Flexible bone comprising a first body (2) having a through channel (4) therein and a hollow second body (3) into which the first body (2) can be inserted. A guide for a drill, wherein the second body (3) has a through hole (6) adapted to be placed in fluid connection with an internal through channel (4) of the first body (2). ), Wherein the second body (3) and the first body (2) slide together to change the relative position of the hole (6) with respect to the through channel (4). Thus, the penetration channel (4) of the first body (2) is also inserted and changes the exit angle (α) of the flexible bone drill (10) coming out of the through hole (6) of the second body (3). [Selection diagram] Fig. 1

Description

  The subject of the present invention is a guide for a flexible bone drill.

  Furthermore, the invention relates to an osteotomy instrument, in particular to an instrument with a flexible bone drill, preferably used in arthroscopic surgery on the hip or shoulder.

  However, the use of instruments for other parts of the body is not excluded.

  Such instruments are used to replace or replace hip prostheses in surgery to remove pathological or congenital bone augmentation, particularly for the hip or shoulder, or when preliminary cleaning of the acetabular cup is required. Especially useful during surgery.

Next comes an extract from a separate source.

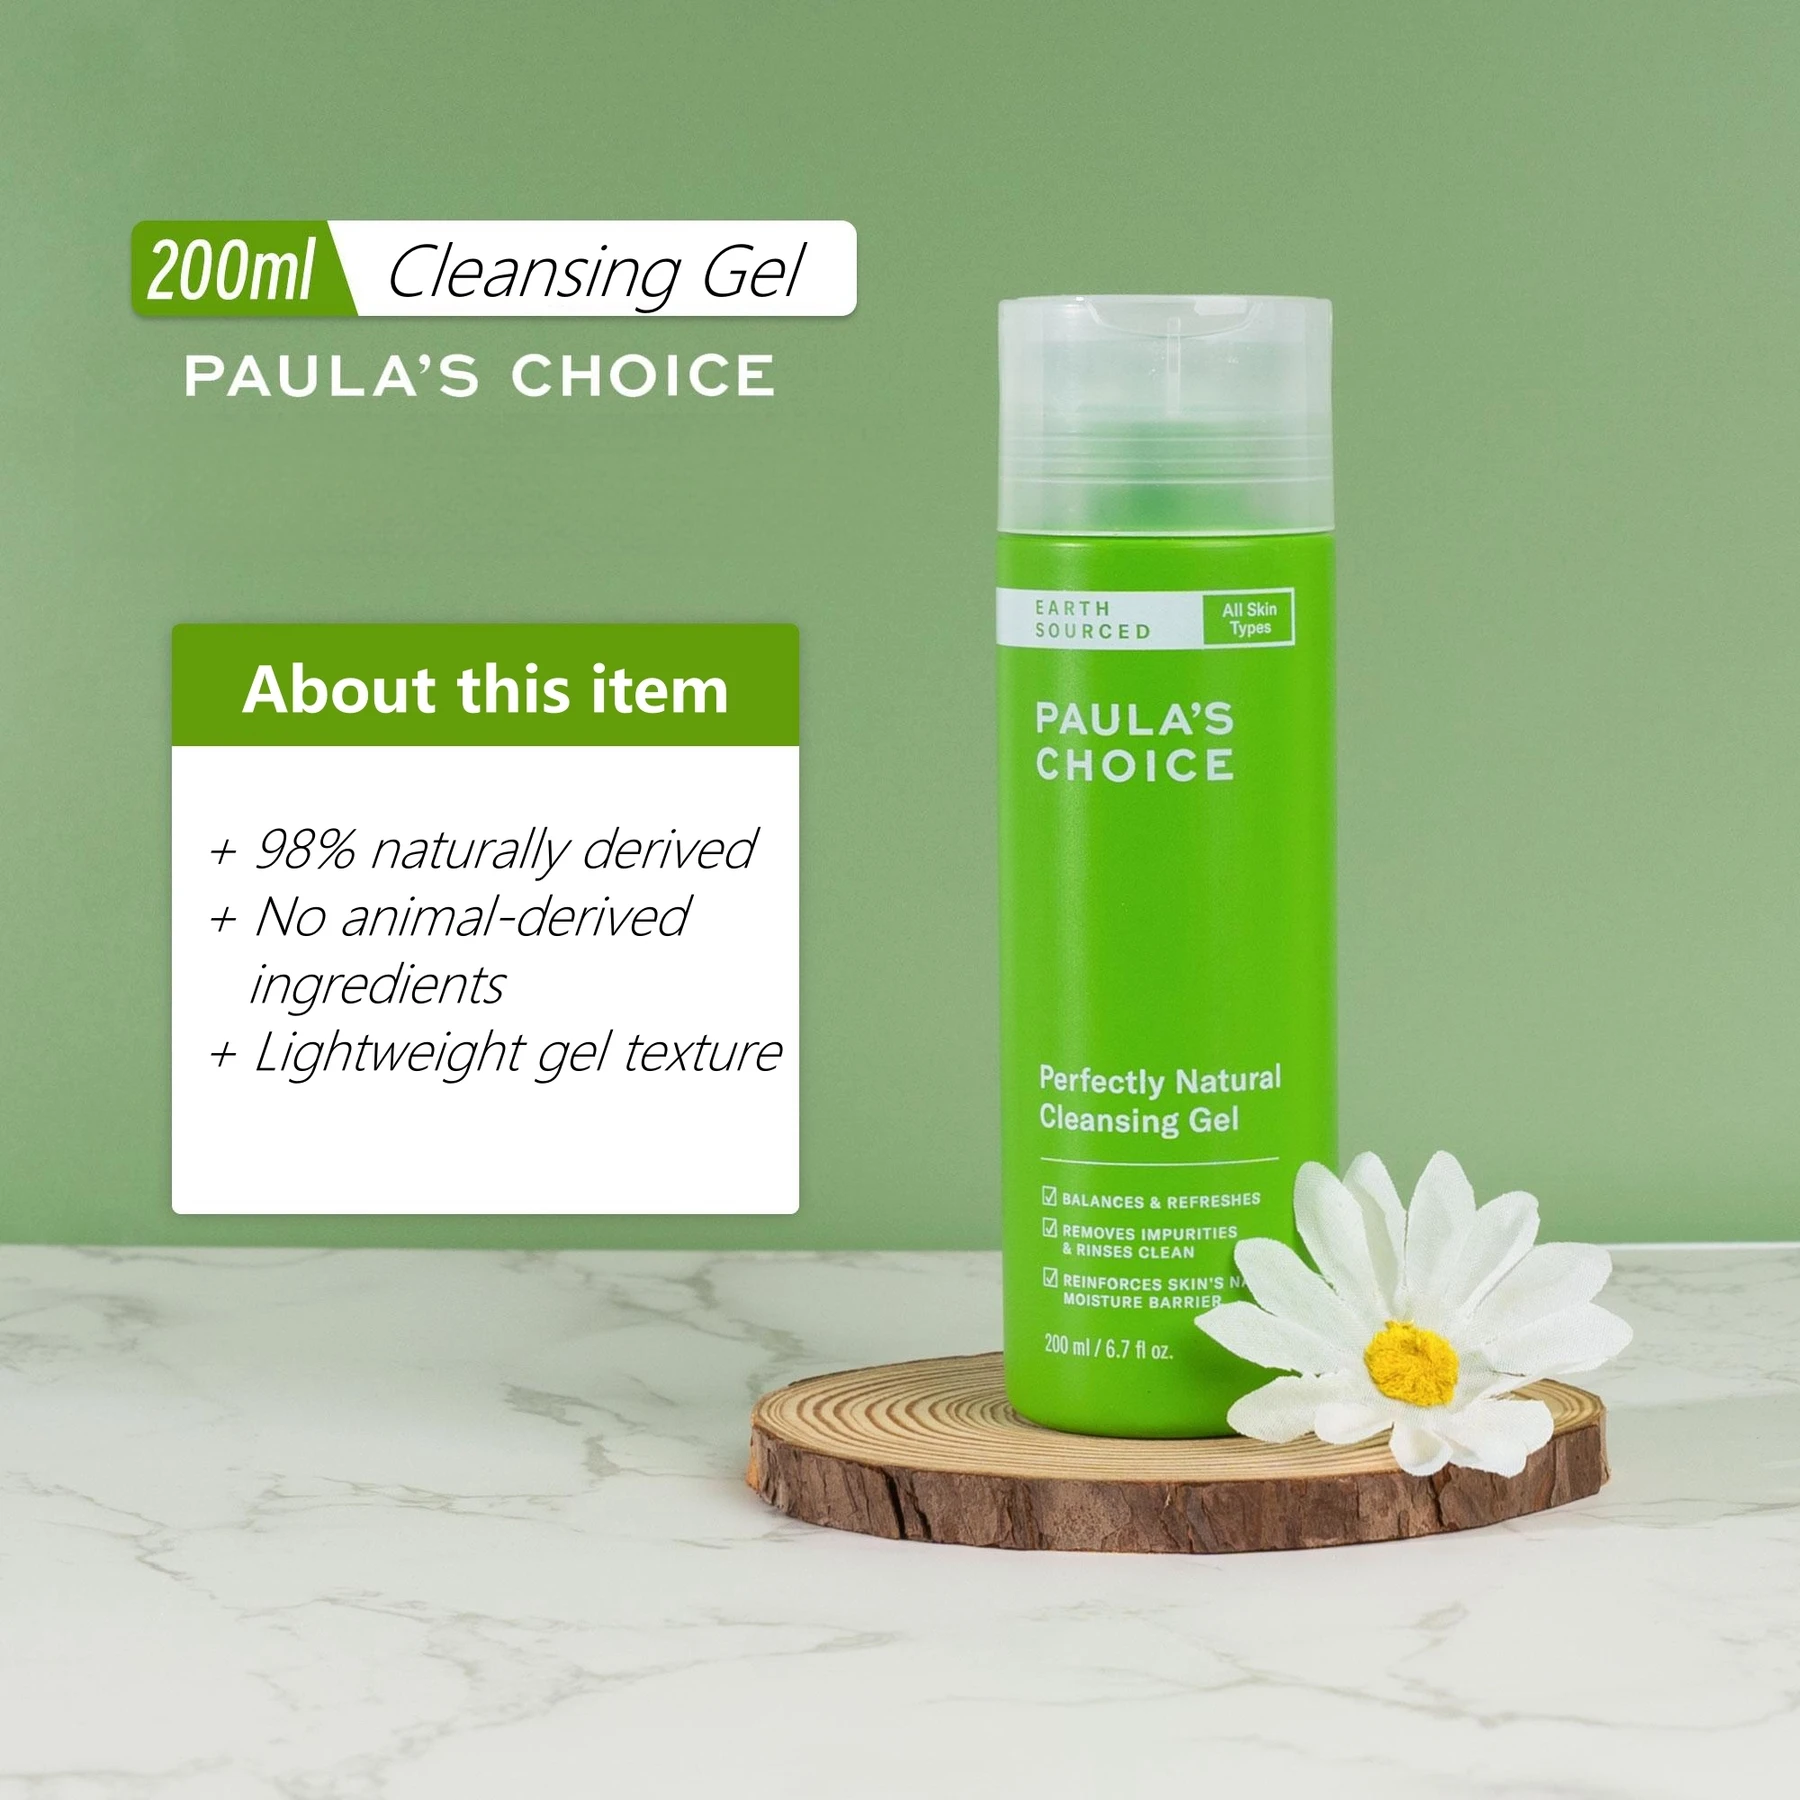 

Paula's Choice Perfectly Natural Gel Cleanser With Aloe Gentle Cleans Pores Oil Makeup Refreshed Skin Hydrating Face Wash 200ml

  A femoral acetabulum collision, or impingement, is a series of congenital or acquired disorders due to imperfect structure and abnormal contact between the hips (proximal to the femur). Caused by hip lesions.

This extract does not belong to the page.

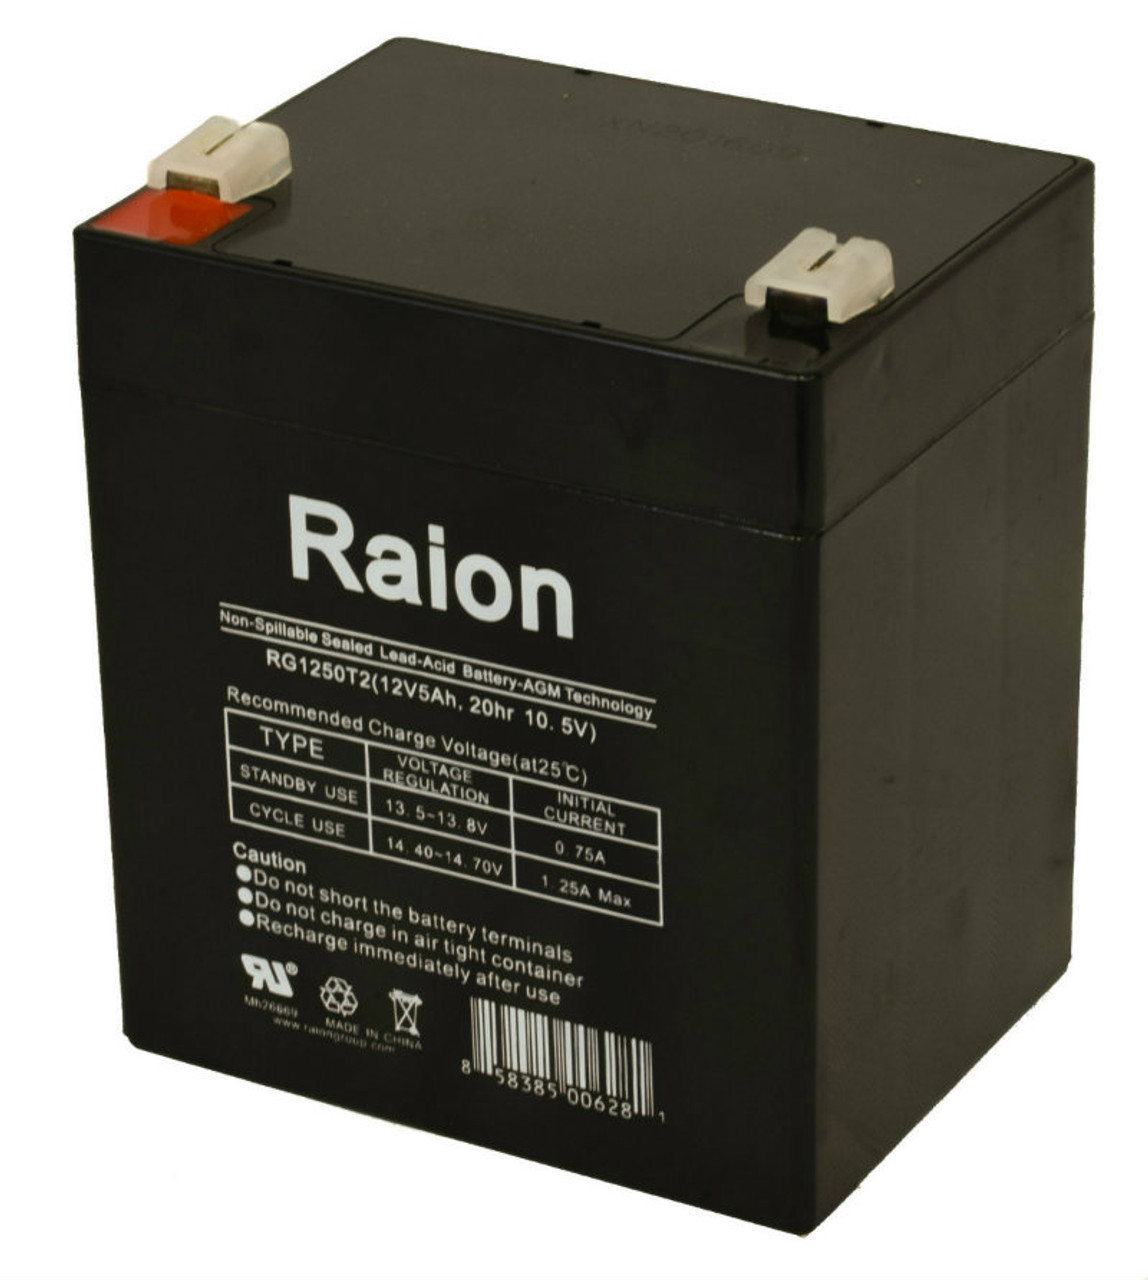 Raion Power RG1250T2 Replacement AGM Battery for Qaba Adjustable Folding E-Scooter LED Light AA1-029BK

  The femoral head is usually spherical and articulates in the cup (acetabular) without friction or contact (impingement).

  The incomplete fit of one or both of the femoral head and the acetabulum results in a state of friction known as femoral acetabulum impingement (FAI). The first type of femoral acetabulum impingement can be due to the abnormal curvature of the femoral neck with osteophytes near the neck on the surface surrounding the femoral head, which can interact with the acetabular lip. Acts and damages. A second type of impingement can be caused when the acetabulum is abnormally pincer-shaped. Again, there is interference between the femoral neck and the acetabular lip.

  Femoral acetabulum impingement is one of the most frequent causes of arthropathy of the hip, and typically affects young adults and athletes alike, but it affects people with sedentary lifestyles. Such deformations may go unnoticed throughout life.

  The exacerbation of this condition is due to the repetitive strain applied to repeat and force the extreme movement.

  If diagnosed early, the condition can be treated before the joint is damaged, and the prognosis of patients affected by the condition can be improved.

  To that end, arthroscopic surgery is performed to restore the correct femoral head-to-neck offset ratio by removing cervical bone formation.

  Currently, some arthroscopic instruments are used, typically powered bone drills, which can be inserted at the site of a surgical procedure to reach the bone augment to be removed at a preset approach angle, or It has a preset curvature to guide the flexible drill to where you want to operate it. However, in addition to involving the use of some instruments, such techniques do not provide surgeons with a high degree of flexibility when handling drills during surgery.

  Another situation that requires removal of a bony prosthesis is the installation or replacement of a hip prosthesis.

  For the first hip replacement, once the femur is removed, the concave surface of the acetabular cup is uneven and uneven, and must be smoothed before the prosthesis is installed. Similarly, in the case of revision surgery, after removing the old acetabular cup, which will generally become osteointegrated with the rest over time, the acetabular surface will bulge around the cup and must be removed You will have osteophytes that do not have to.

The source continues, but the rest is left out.